Надо было слышать, как она сказала это: "Да-амочка".
- Почему? - Я не мог скрыть обиды.
- По кочану! - отрезала Люба. - А вот моей в магазине продавщица говорит: "Вам чего, дамочка?" А мама ей: "Если я дамочка, ты знаешь кто?.. Пробка от бутылки!" Та обиделась, ужас!..
- И правильно, - сказал я. - А почему дамочка - непонятно.
- Почему?!
Она вытянулась в струнку, вытянула губы, шею, сделала тупо-строгие глаза и, брезгливо растопырив пальцы, пошла, подпрыгивая на негнущихся ногах...
Черт! В этом не было н и ч е г о маминого, и в то же время, в то же время...
- Мама у меня не такая, - сказал я, - а ты дура.
- Ну и хорошо, что не такая. А все равно дамочка. Да-амочка!
- А ты дура.
Каким вялым и бессильным, а главное, неточным было это мое "дура"!
Я понес ей учебник немецкого языка. У нее не было своего, и я понес учебник, чтоб она не схватила двойку. Сама она, разумеется, ни о чем меня не просила.
Собравшись нести учебник, я начисто забыл о том, давнем, предупреждении: "Ко мне не ходи..." И когда к дому подошел, и когда на лестницу ступил, и когда в дверь постучал, - не вспомнил. Ни разу не вспомнил! Я все время думал об одном: к а к е й п о н р а в и т с я, ч т о я д о г а д а л с я п р и н е с т и у ч е б н и к...
Любы дома не было. У тети Веры сидел тугощекий сержант с пышными обкуренными усами. Взгляд его голубых глаз был странен. Он вроде бы и смотрел, и не смотрел на меня. Он, казалось, глядел куда-то сквозь меня, дальше... От этого, как бы невидящего, взгляда во мне сразу возникло чувство неловкости и жгучее желание обернуться и увидеть, куда же он смотрит, хотя я и догадывался, что н и к у д а.
Тетя Вера небрежно смахнула с плеча его руку...
- Заходи, Мартын. Нету твоей Шалупейки...
Она перехватила мой взгляд, вцепившийся в стол: початая буханка, крупно нарезанное сало, зеленая солдатская фляга, на ней что-то выцарапано...
Прижав буханку к груди, тетя Вера отрезала толстый ломоть, накрыла салом, подала. Я и слова сказать не успел.
- Вот! - Она кивнула сержанту. - Гляди, Любкин ухажер! Как, ничего?..
Я хотел уйти, но хлеб... Хлеб как-то связывал.

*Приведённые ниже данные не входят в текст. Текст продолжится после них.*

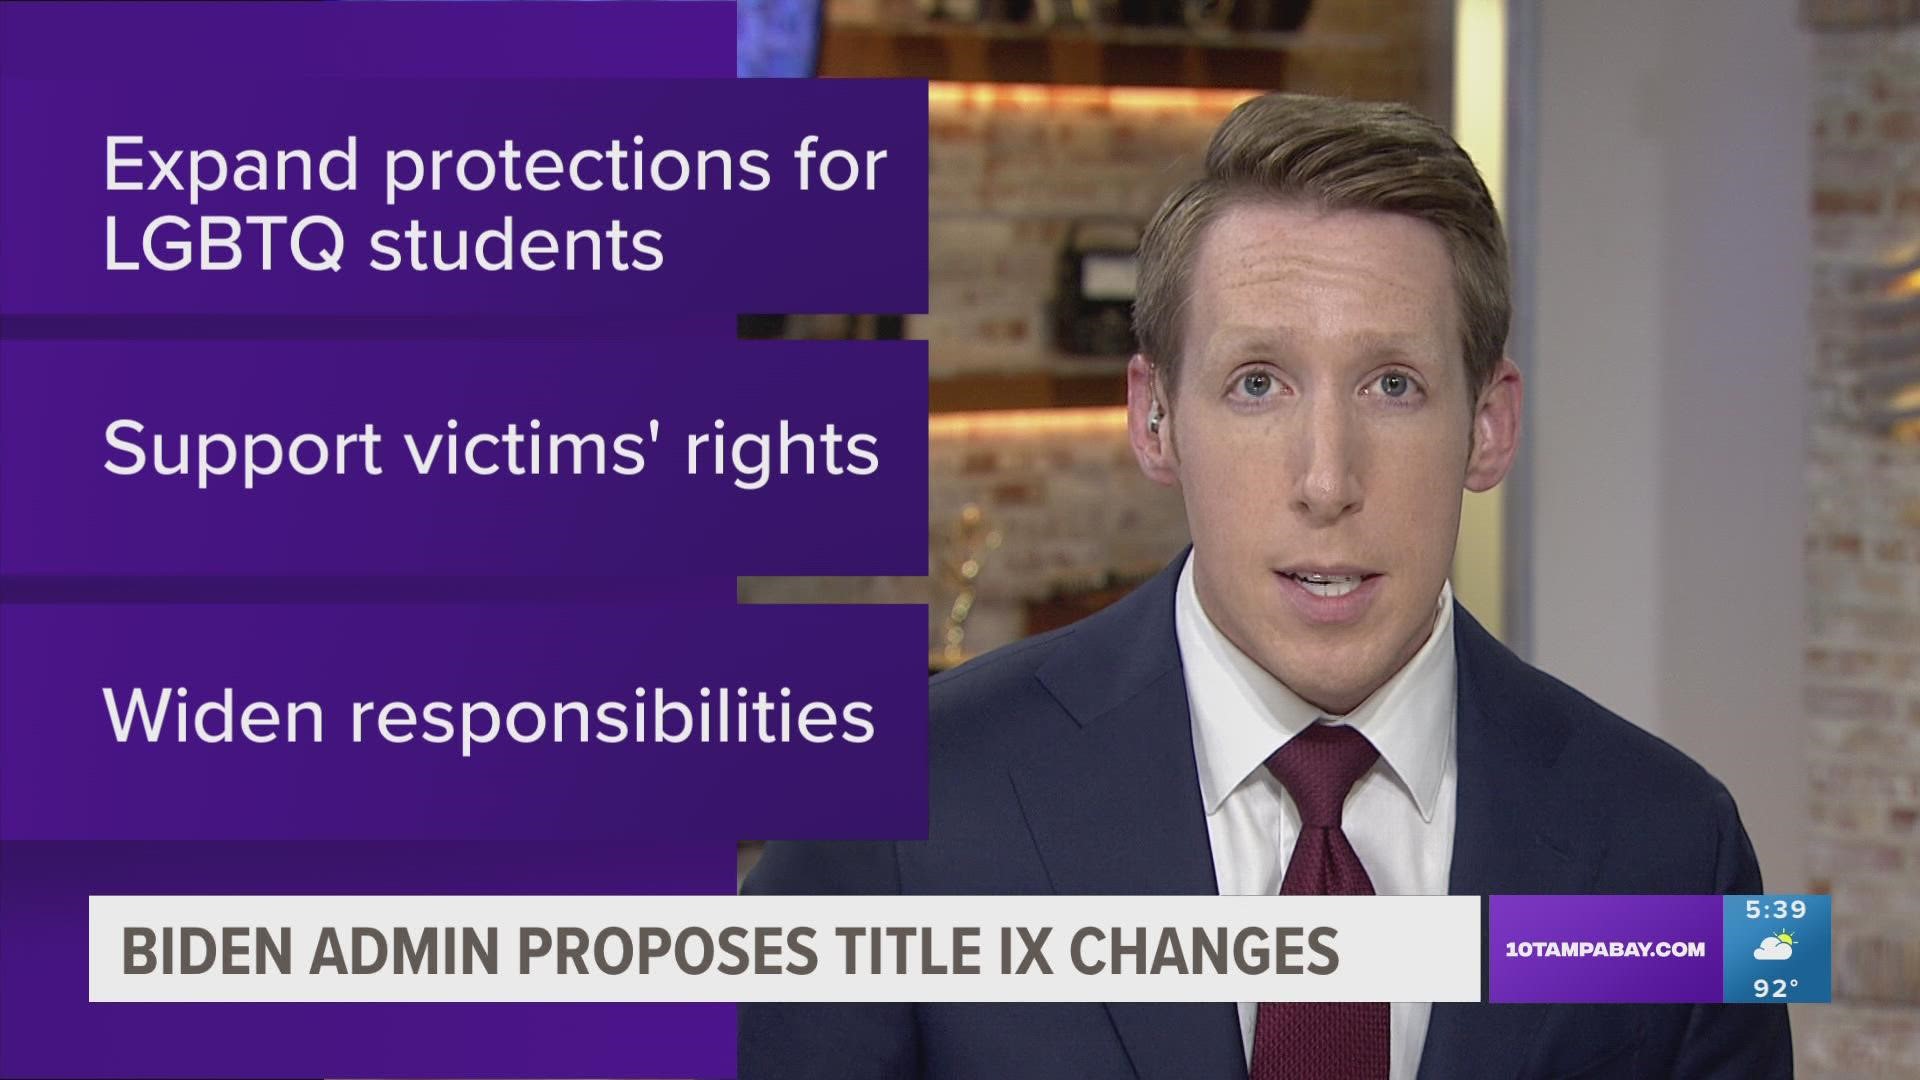 The proposal comes on the 50th anniversary of the Title IX women’s rights law and is meant to replace controversial rules issued during the Trump administration.

Сержант смотрел на меня в упор и не видел. Тут-то я и понял, что он пьян.
- Уберись! - Тетя Вера вновь смахнула его руку, теперь уже с раздражением. Увидев, что я подался к двери, крикнула: - Стой! Иди сюда!
Я решил, она еще что-то хочет мне дать, и обрадовался, но подумал: "Спасибо - и айда..."
- Иди-иди, не бойся... На-ка, почитай вслух. - Она протянула мне тетрадочный листок, исписанный химическим карандашом, листок со следами сгибов по диагонали, так что сразу можно догадаться: солдатский треугольник.
Машинально я взял его в руки. Пальцы мои почувствовали шероховатость заношенной бумаги, ее непрочность на сгибах, размочаленные края.
- Осторожно ты! - крикнула тетя Вера. Лицо ее стало красным и злым. "Так не уйти, - понял я, - придется читать".
- Да положь ты хлеб! - снова крикнула она. - Не украдут ведь! Садись.
- Я так... - произнес я едва слышно, одними губами. Полусонный сержант бормотал что-то и снова потянул руку через стол. Тетя Вера отодвинулась от него вместе со стулом.
- Читай! Да громче, чтоб э т о т слышал!..
Я вглядывался в синие буквы. Они были хорошо различимы там, где карандаш только что помусолили. Но с каждым нажимом становились все слабей и слабей, пока снова не уярчались до синевы. Почерк был детский, неровный, каждая буква стояла отдельно и криво по отношению к соседней. Детский силуэт букв и смысл, который за ними открывался, были несовместимы, и в этом таилась для меня печальная загадка.
- "Родная моя Веруня", - начал я и не узнал своего голоса: он был глухой и вялый. Я невольно проглатывал концы слов...
- Может, горлышко промочить?..
Я испугался и взмок сразу. Письмо набухало в моих потных ладонях. Я старался придать голосу твердости.
- "...Веруня, пишу тебе в перерыв между боями. С каждым днем тут все жарче. Ребята у нас боевые, полны решимости любой ценой остановить вероломного врага. Сейчас короткое затишье, даже жаворонка слыхать. Веруня! Я слушаю жаворонка и вспоминаю, как у бабки Вари жили. Поле, стог... Помнишь? Тогда тоже жаворонки пели. Эх, да что там! Смотри смело вперед, после войны наслушаемся досыта! Веруня, ты не подумай плохого..."
Я поднял глаза. Тетя Вера плакала. Она плакала открыто, некрасиво хлюпая носом и смахивая руками слезы.
- Читай! Дальше читай!..
- "...Ты не подумай плохого..." - Тут я сделал паузу, чтобы посмотреть на сержанта.